Since you will have duplicate IDs in your final database ("1" gets split over two segments in your example), keeping the database in date->ID format as opposed to ID->range seems preferred in the end.

Now for obvious optimizations - of course don't keep the list of IDs with each date record. Just fill in a date->ID table with null IDs, and while filling it in with final records, replace value largest record found so far:

create table of all date entries, [date -> ID]
for each record in your original table:
- select dates in range from-to,
- if any has ID value null or lower than currently checked record ID, fill in with current ID.
Then concatenate - if next record has same ID as previous, remove next.
in the end, you may want to denormalize a bit, replace extracting two consecutive records for a range with [date -> ID,length], or [date -> ID,end_date]

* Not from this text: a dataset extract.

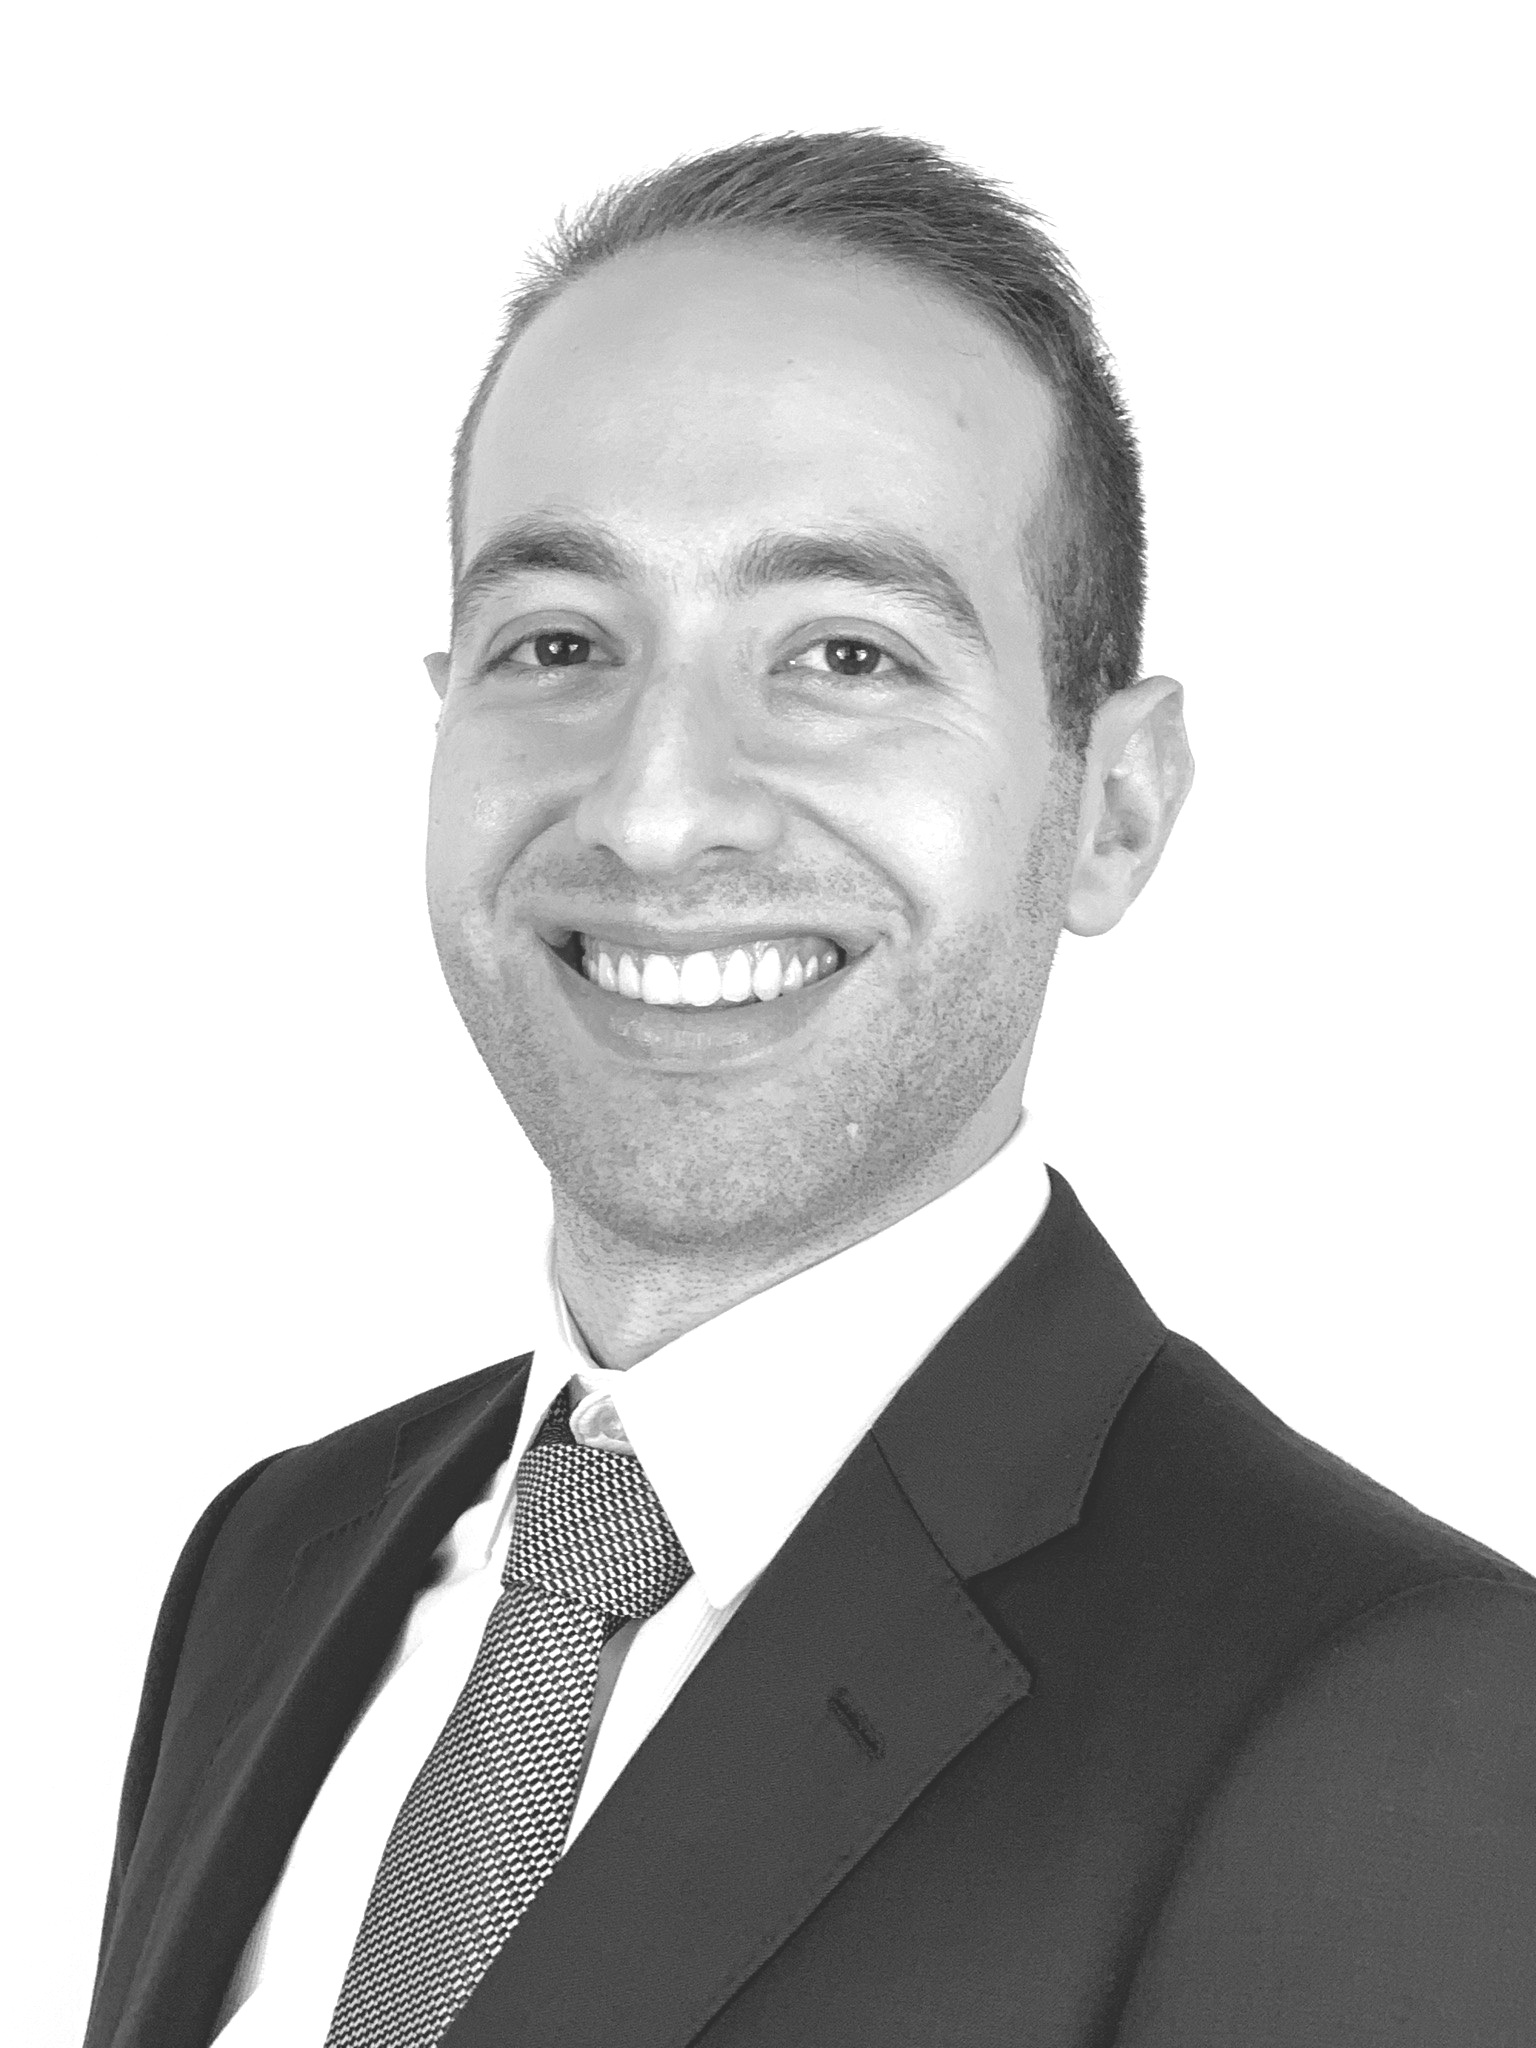 Giorgio Kringas - Business Analyst

Adding new record is just like one iteration of the operation of creation. Removing a record, on the other hand, seems to be quite tricky.

Effectively you want to stack the data, and select the maximum from the stack. I have had to implement something similar to this before and the approach we used, which gave us a bit more flexibility than you require, so may not be appropriate was to do this:

Have an object for managing the records, and add each record to this object. when a record is added create a new date range and associate the value of the record with the range. Then check if the range overlaps with any other existing range. If it does overlap, then create a new range for each overlap and associate all of the values on the both/all (depending on if you do it as you add each range, or in a single pass) the overlapped ranges with the new range. This can either be done as you add the data, or in a single pass once all data has been added.

At the end you have a object which contains unique ranges, each of which has a collection of values associated with it, a bit like your picture above.

       |666|666666|6666|
       |   |      |4444|444|444444444444|4444444|         |55555|55555|
       |   |222222|2222|222|            |3333333|333333333|33333|     |       |7777777
1111111|111|111111|1111|111|111111111111|1111111|111111111|11111|11111|1111111|

You can then provide a class with a flattening function (probably using the strategy pattern) which will convert the unique ranges with collections of values into unique ranges with a single value, this will obviously concatenate ranges which end up with the same value.

You would want a class which selects the maximum value from each unique range, but you might also want to select the minimum value, sum the values, average them, count them etc etc. Each of these options can be done by passing a different implementation of the strategy.

As I said this approach might be less efficient than an approach which only selects the maximum value, as you wouldn't need to keep all the values in the stack in that case, but the implementation was fairly straight forward as I remember.